In this notebook we'll take a look at how a recurrent layer of a neural network is implemented. Specifically, we'll focus on the recurrence called *hidden-to-hidden*, as this is most commonly used and it's PyTorch's implementation.


![picture](https://raw.githubusercontent.com/kyuz0/llm-chronicles/main/4.1%20-%20Lab%20-%20Recurrent%20Neural%20Networks/rnn.png)

In [None]:
import torch
import torch.nn as nn
import numpy as np

## 1. PyTorch RNN layer
In this cell, we're creating a simple recurrent layer for a neural network using PyTorch's **nn.RNN** module.

Here's a breakdown of the parameters:

* **input_size = 2**: This specifies that each input sequence element (or timestep) will have a feature size of 2. In other words, the input tensor to this layer will have a shape like (batch_size, sequence_length, 2) where 2 is the feature size for each element in the sequence.

* **hidden_size = 3**: This denotes that the hidden state of the RNN will have a size of 3. The hidden state is the internal state or memory of the RNN, and its size can be thought of as the 'width' or 'capacity' of the RNN's memory at each timestep. When the RNN processes an input, it updates its hidden state based on both the current input and the previous hidden state. This allows the RNN to maintain a form of 'memory' of past inputs in the sequence.

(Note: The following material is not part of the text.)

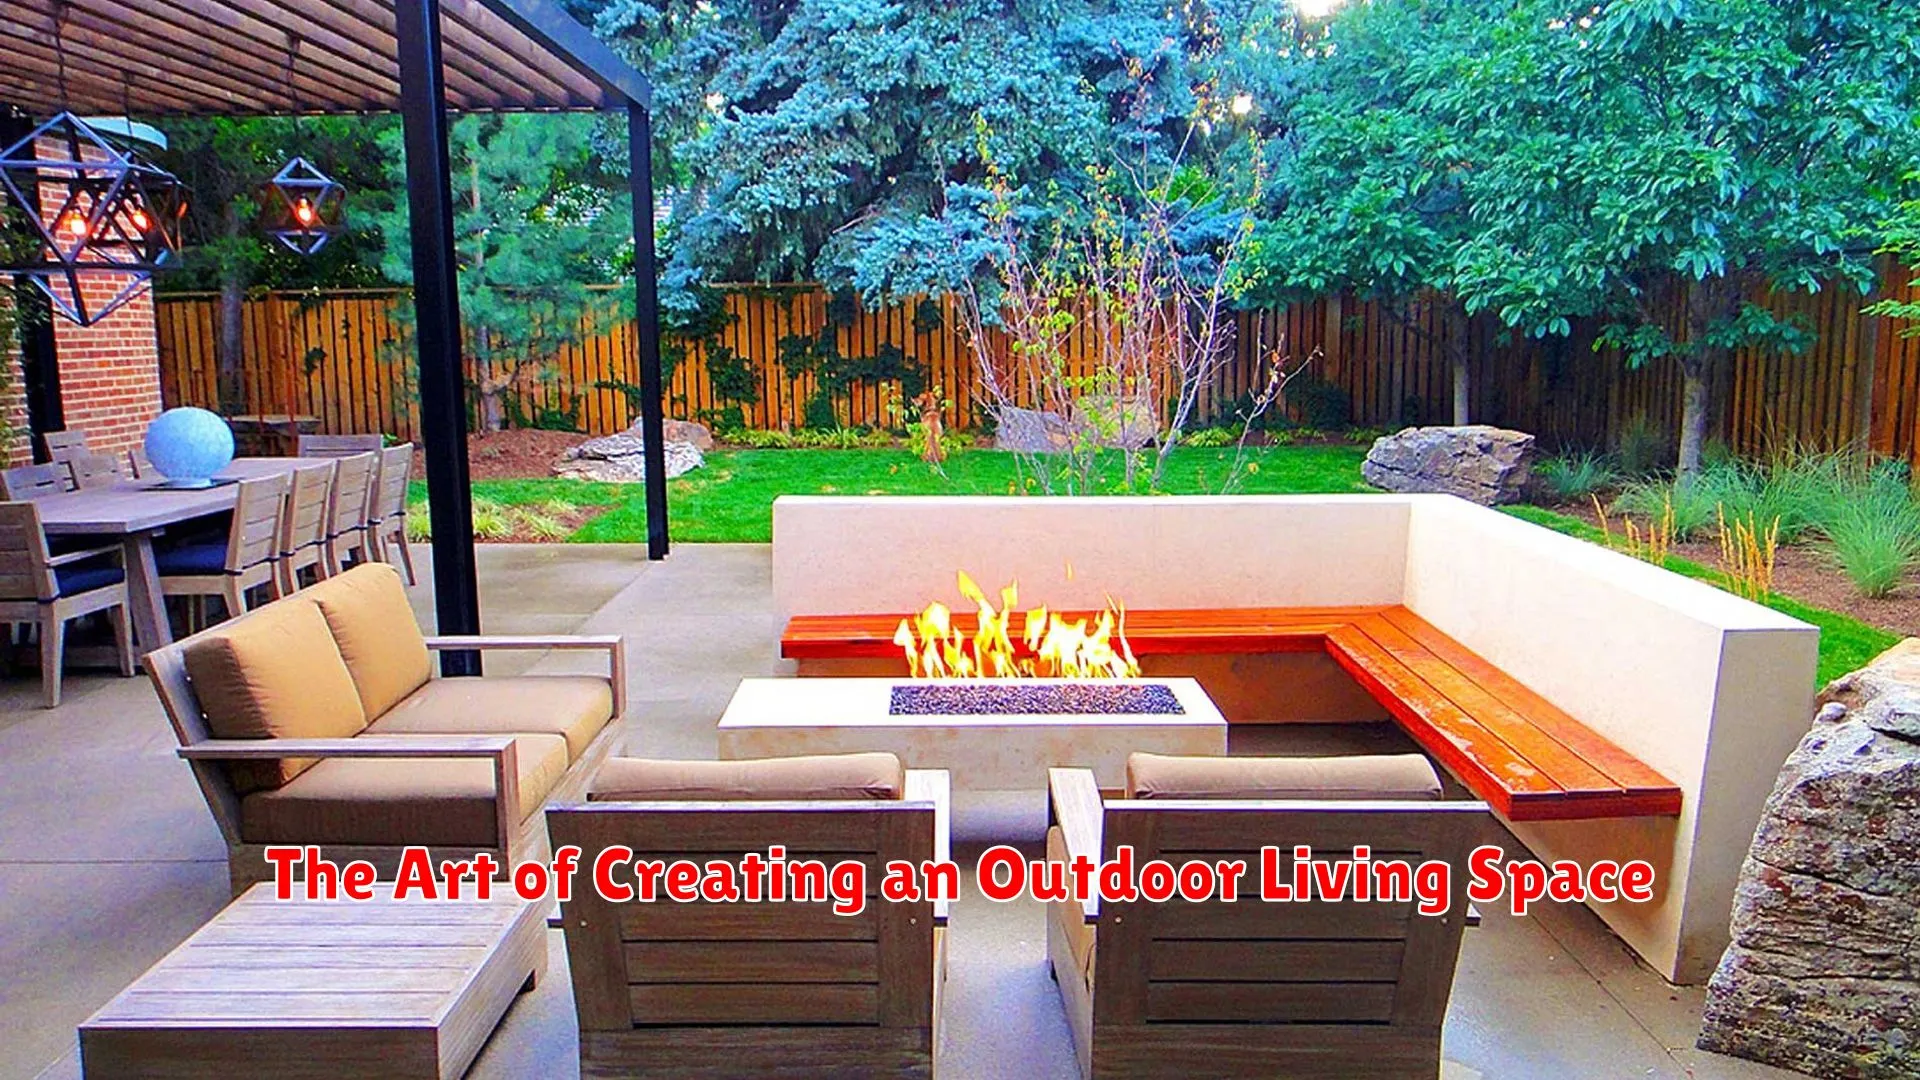 The Art of Creating an Outdoor Living Space

* **batch_first=True**: This argument ensures that the expected input tensor shape is (batch_size, sequence_length, input_size). By default, the RNN module in PyTorch expects inputs to have a shape of (sequence_length, batch_size, input_size), but batch_first=True modifies this expectation to be more in line with what's commonly used in other deep learning frameworks and for easier handling.

In [None]:
rnn_layer = nn.RNN(input_size = 2, hidden_size=3, batch_first=True)
rnn_layer

RNN(2, 3, batch_first=True)

In [None]:
# Let's look at the parameters of this RNN layer
w_ih = rnn_layer.weight_ih_l0
w_hh = rnn_layer.weight_hh_l0
b_ih = rnn_layer.bias_ih_l0
b_hh = rnn_layer.bias_hh_l0

w_ih, b_ih, w_hh, b_hh

(Parameter containing:
 tensor([[ 0.5407, -0.1051],
         [ 0.1025,  0.3401],
         [-0.1288,  0.4972]], requires_grad=True),
 Parameter containing:
 tensor([-0.5645,  0.1087, -0.1245], requires_grad=True),
 Parameter containing:
 tensor([[-0.2017, -0.4285, -0.0833],
         [ 0.4595,  0.3113, -0.0283],
         [-0.5705, -0.0535, -0.1654]], requires_grad=True),
 Parameter containing:
 tensor([ 0.3875,  0.5334, -0.2906], requires_grad=True))

In [None]:
# Let's create a dummy input sequence with 4 time-steps, each having 2 features
input_seq = torch.tensor([[1.0]*2,[2.0]*2,[3.0]*2,[4.0]*2])
input_seq

tensor([[1., 1.],
        [2., 2.],
        [3., 3.],
        [4., 4.]])

In [None]:
input_seq.shape

torch.Size([4, 2])

In [None]:
# we unsqueeze to add a batch dimension
input_batch = input_seq.unsqueeze(0)
input_batch.shape

torch.Size([1, 4, 2])

In [None]:
# Forward pass
output, hh = rnn_layer(input_batch)
output, hh

(tensor([[[ 0.2529,  0.7949, -0.0466],
          [ 0.2971,  0.9556,  0.1416],
          [ 0.5706,  0.9837,  0.4186],
          [ 0.7589,  0.9947,  0.5448]]], grad_fn=<TransposeBackward1>),
 tensor([[[0.7589, 0.9947, 0.5448]]], grad_fn=<StackBackward0>))

## 2. RNN forward pass from scratch

Let's now implement the RNN computations from scratch.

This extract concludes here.